Photo by Devin Edwards on Unsplash
There is great difference between working in a company that delivers outsourced services / projects versus one that delivers its own products. In the former case, you deliver according to contract and aim to keep the customer happy, so that future work keeps coming in. In the latter, you need to worry about things like price strategies (even dumping prices), critical release dates and the James Bond sounding like: industrial espionage prevention.
Many years ago I worked for a company that was delivering true innovation on a daily basis through image algorithms (think face detection, feature recognition, gestures, etc). Due to NDA clauses, I can’t name the clients and we also couldn’t put our name on any of the components delivered, but I can assure you that if you’ve used a phone or a camera in the last 10 years, we’ve made you happy. Working there has taught me a few valuable industry lessons.
1. The Chinese challenge. “The world is made in China” people use to joke. Chinese products are cheap and very often low quality, but the cost of a replacement is sometimes so low that people don’t mind. So when you’re getting paid based on royalties and you’re negotiating literally cents / item sold, quality is your only win card. A substantial difference in quality, to make brands stay with you just to protect their image. It’s a short life in the commercial consumer sector as in the end patents expire, technology gets infringed or simply stolen. So after a couple of years, you need to aim for other sectors that can’t afford to go for cheap: fintech, security, industry, life protection.
2. When you’re innovating, you can only guarantee an improvement in percentages. We’re talking about something that did not exist before, so you can’t promise to deliver a 94.5% efficiency, but you have to commit to an improvement compared to previous release of your product (2%, 4%, 5% etc).
3. Industrial espionage is real and you have to defend. I’m not just talking about secure coding guidelines. When you work with prototypes, you can’t just leave them around on a table and go home. When you have customer visits, you really need to lock your screen and clean your desk.
4. Patent infringement is a constant battle and you need a solid Legal department. Believe it or not, EU and US have pretty good laws that prevent copyright breaches and disloyal competition. A lawsuit of this type can take years and you have to be able to take the hit resulting from loss in sales.
5. Knowing your competition is mandatory (aka grey-box testing their products). It literally means that you apply the same test suite to your competitor’s products. You take them to the lab and you don’t cosmeticize the results. You have to admit your weak spots if you want to improve.
6. Real life events are not negotiable. Christmas is on the same day every year; you can’t negotiate to expand the timeline. A product aiming for Christmas sales has to be out in the shops by November. That means ordering and producing marketing materials in October. That means client QA passed successfully in September. That means you’ve packed and shipped everything at the end of August.
7. You don’t sell, you don’t live. But you may transform. Innovation companies usually don’t die. They get bought, sold, rebranded. Same work, it’s just the brand on the door that changes.

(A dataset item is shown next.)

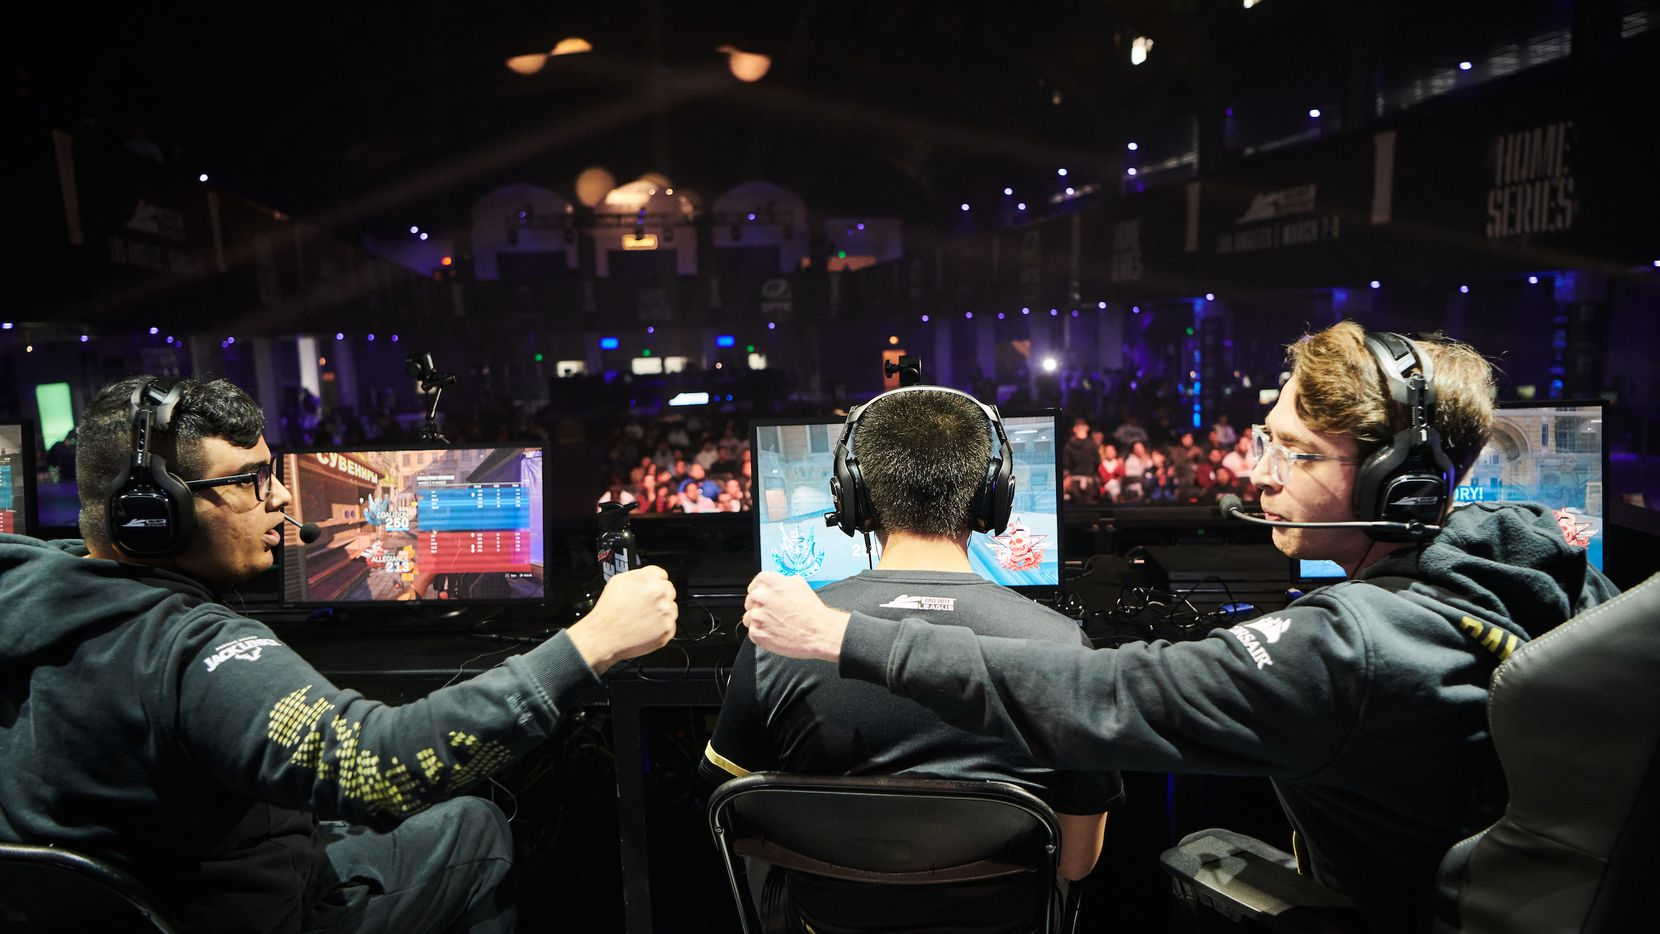 Call of Duty League 2020 Season 2020-03-08 / Photo: Ben Pursell for Activision Blizzard Entertainment
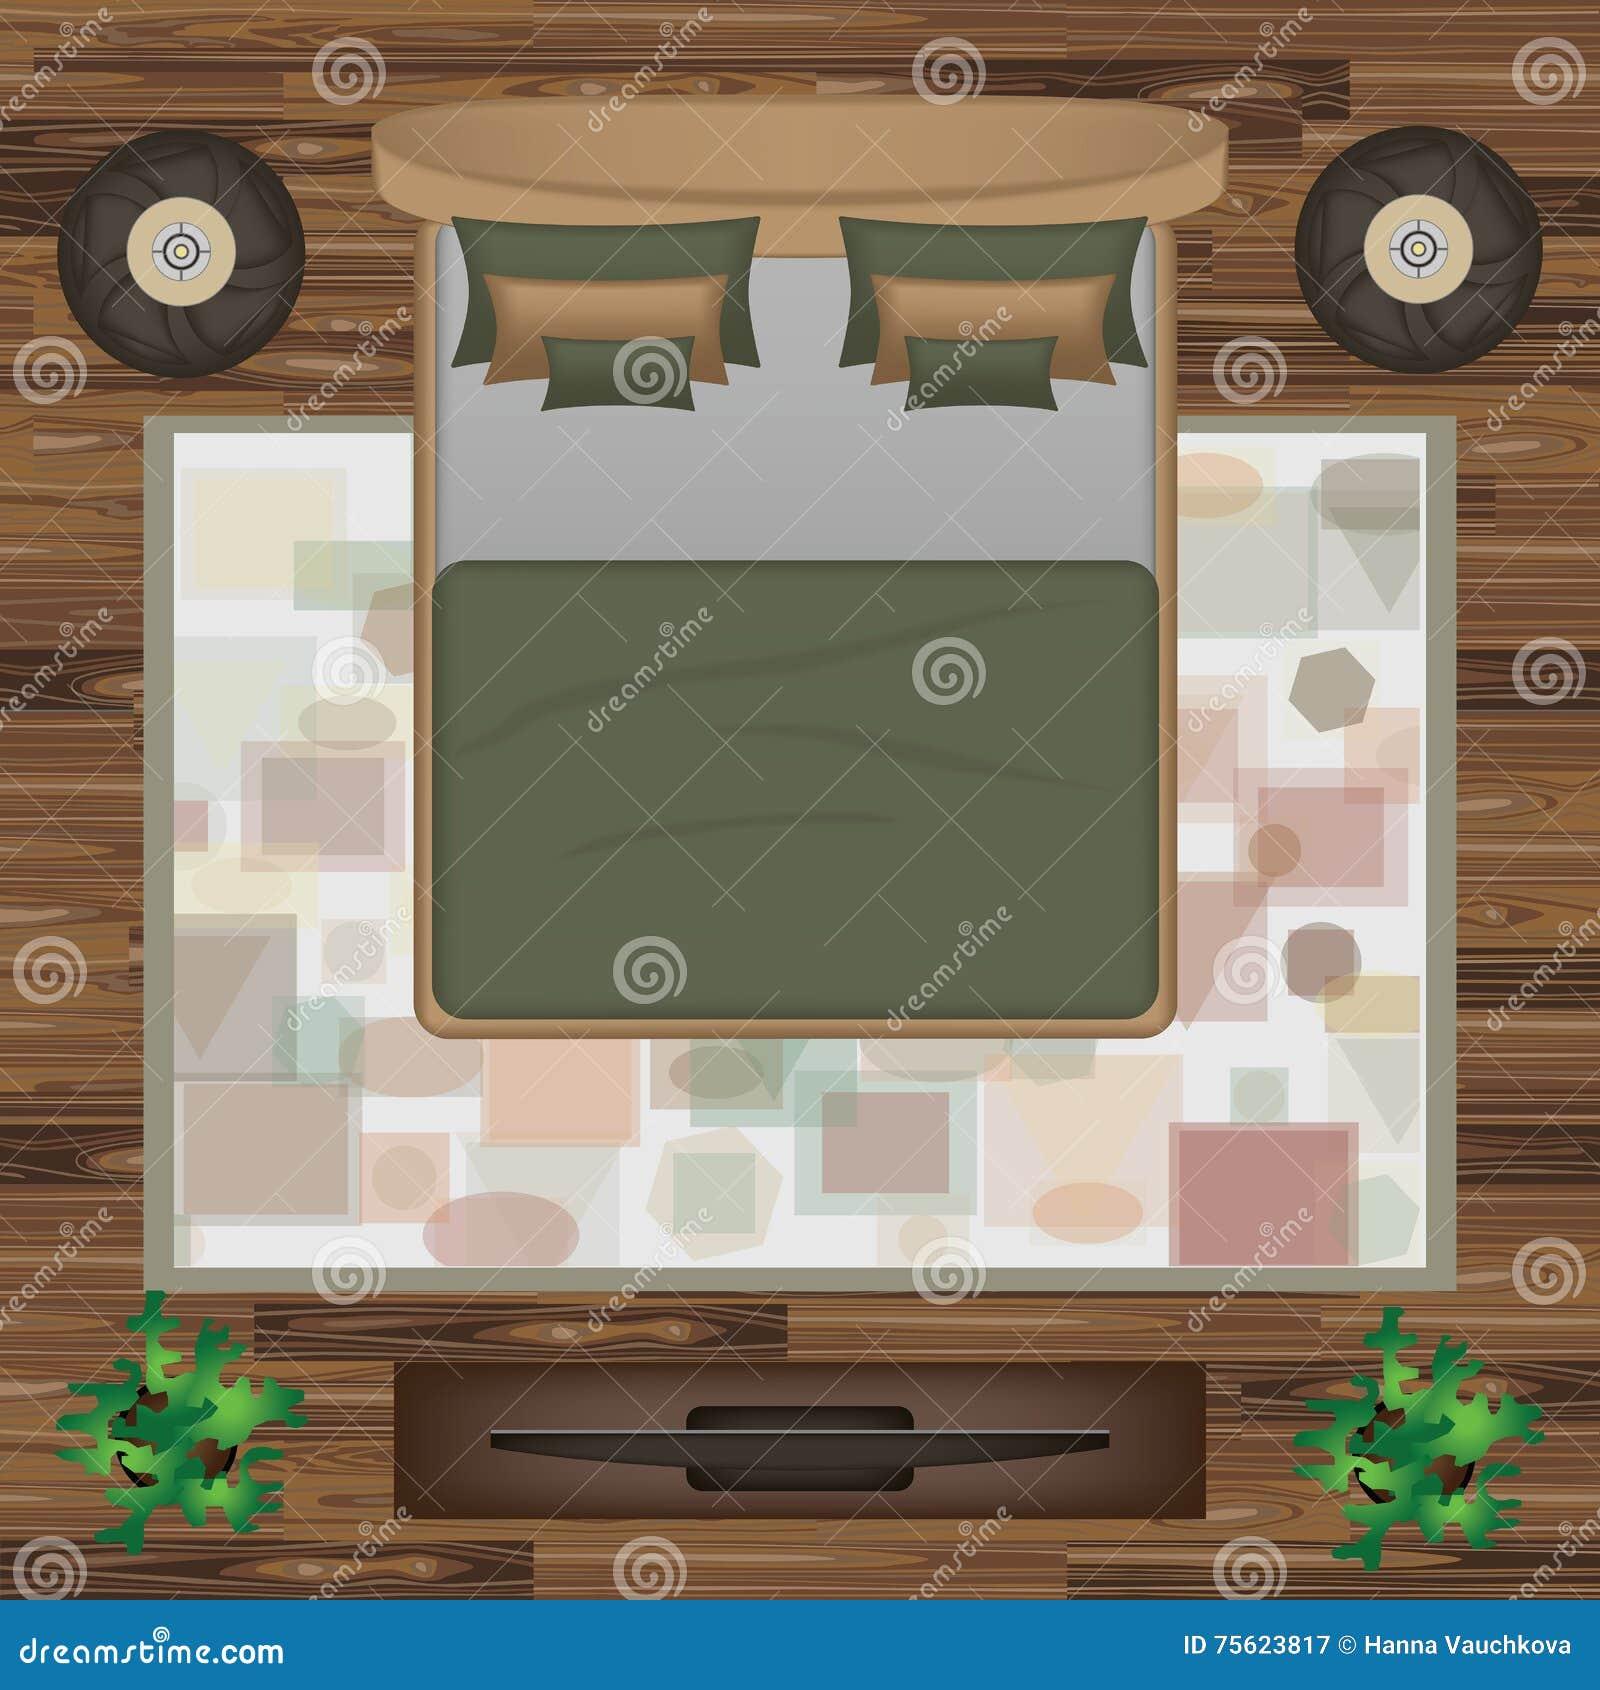 Beau Download Bed, Pillows, Carpet, Pouf, Plants Vector Illustration. Bedroom  Furniture Set

8. People lie, therefore so does competition. Legal prevention measures can be easily bypassed. “Outstanding results on 99% of the subjects” and in small letters “Test performed internally in May 2018”. Have you seen this in ads? Does it tell you anything about the test conditions, accuracy or size of the test data set? Even if they would, nobody takes the time to read it.
9. Your clients will do negative testing to lower your price and while at it, they might not be fair. Real life example: a client tried to bring down the price by presenting their test results in percentages. Fortunately, the fail percentage between our tests and their was too big not to draw attention. After investigating, the truth surfaced: their test was on less than 100 instances, our tests were on 200 000+ instances. Their test method was purposely vitiated and outstandingly inaccurate versus our laser precision measurements (yes, real laser).
10. Marketing is the battleground and QA Department is the army. It isn’t so obvious, is it? How can you promote your strong points, your differentiators if you don’t know your competition? This implies that QA Dep studies both and produces instruments and presentations, even data sets for Marketing, that they can further quote or use in their ads.
Have you worked in product development? What is your experience? I would love to learn from you!